Is _säkin ympäri / ympäri säkkiä _an idiom in Finnish? If so, what does it mean?

Kiitos


----------



## sakvaka

As far as I know, it isn't. Where have you found it?


----------



## Gavril

sakvaka said:


> As far as I know, it isn't. Where have you found it?



I saw it on a message board discussion a couple of weeks ago, but I can't locate the discussion right now. I'm sure that the phrase contained _säkki_, but I might be wrong about _ympäri_.

What is _säkki _in the context of boxing? That might help resolve the meaning of this idiom.


----------



## Hakro

_Säkki_ is in this case the hanging sack or bag (I couldn't check the correct term) that boxing fighters use for practicing.

There are several possibilities. Here are possible interpretations:

_Hän hyppi säkin ympäri_ = He was jumping around the sack.
_Hän iski ympäri säkkiä_ = He plugged everywhere on the sack.


----------



## sakvaka

Hakro said:


> _Säkki_ is in this case the hanging sack or bag (I couldn't check the correct term) that boxing fighters use for practicing.



_Nyrkkeilysäkki_ = punching bag


----------



## Gavril

Hakro said:


> _Säkki_ is in this case the hanging sack or bag (I couldn't check the correct term) that boxing fighters use for practicing.



It's called a _punching bag_ in American English. (EDIT: I see Sakvaka answered just before I submitted the response.)



> There are several possibilities. Here are possible interpretations:
> 
> _Hän hyppi säkin ympäri_ = He was jumping around the sack.
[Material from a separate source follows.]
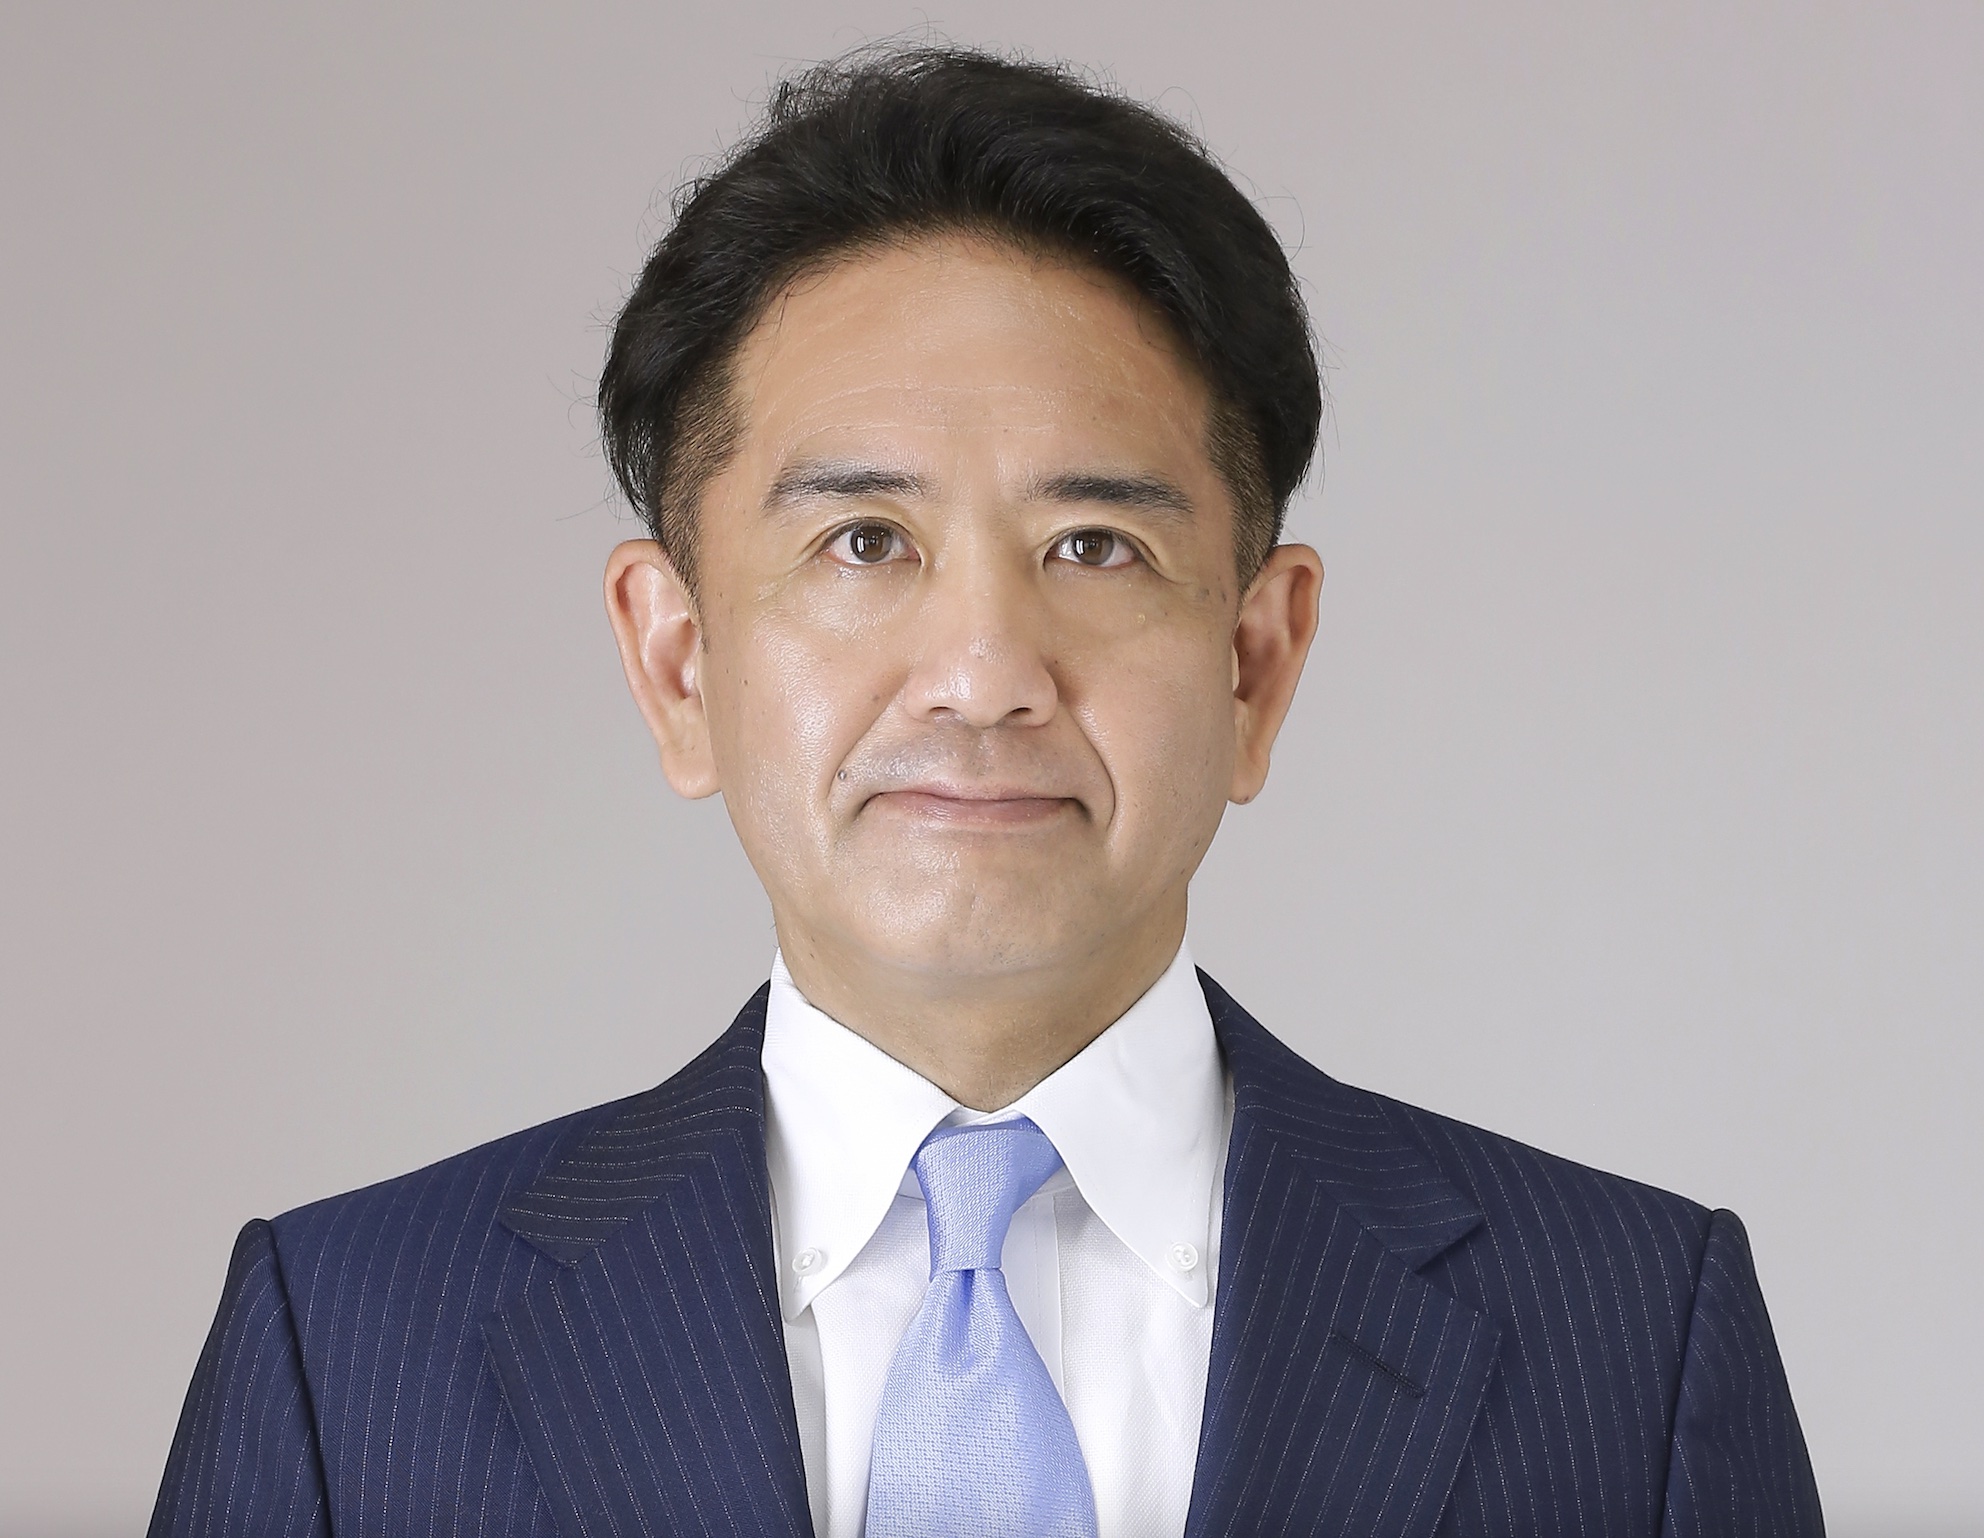 Tadashi Kiriya - General Manager at Ultragenyx Japan

Could this mean (metaphorically) that someone was avoiding an issue?



> _Hän iski ympäri säkkiä_ = He plugged everywhere on the sack.



I.e., he was covering all the relevant issues?


----------



## Hakro

Gavril said:


> Could this mean (metaphorically) that someone was avoiding an issue?
> I.e., he was covering all the relevant issues?


Both of your interpretations, Gavril, can be metaphorically applicable, but without further context I can't be sure.


----------



## Gavril

I think EVOO may finally have found the phrase I was wondering about 3 years ago:

http://forum.wordreference.com/showthread.php?t=2725983


----------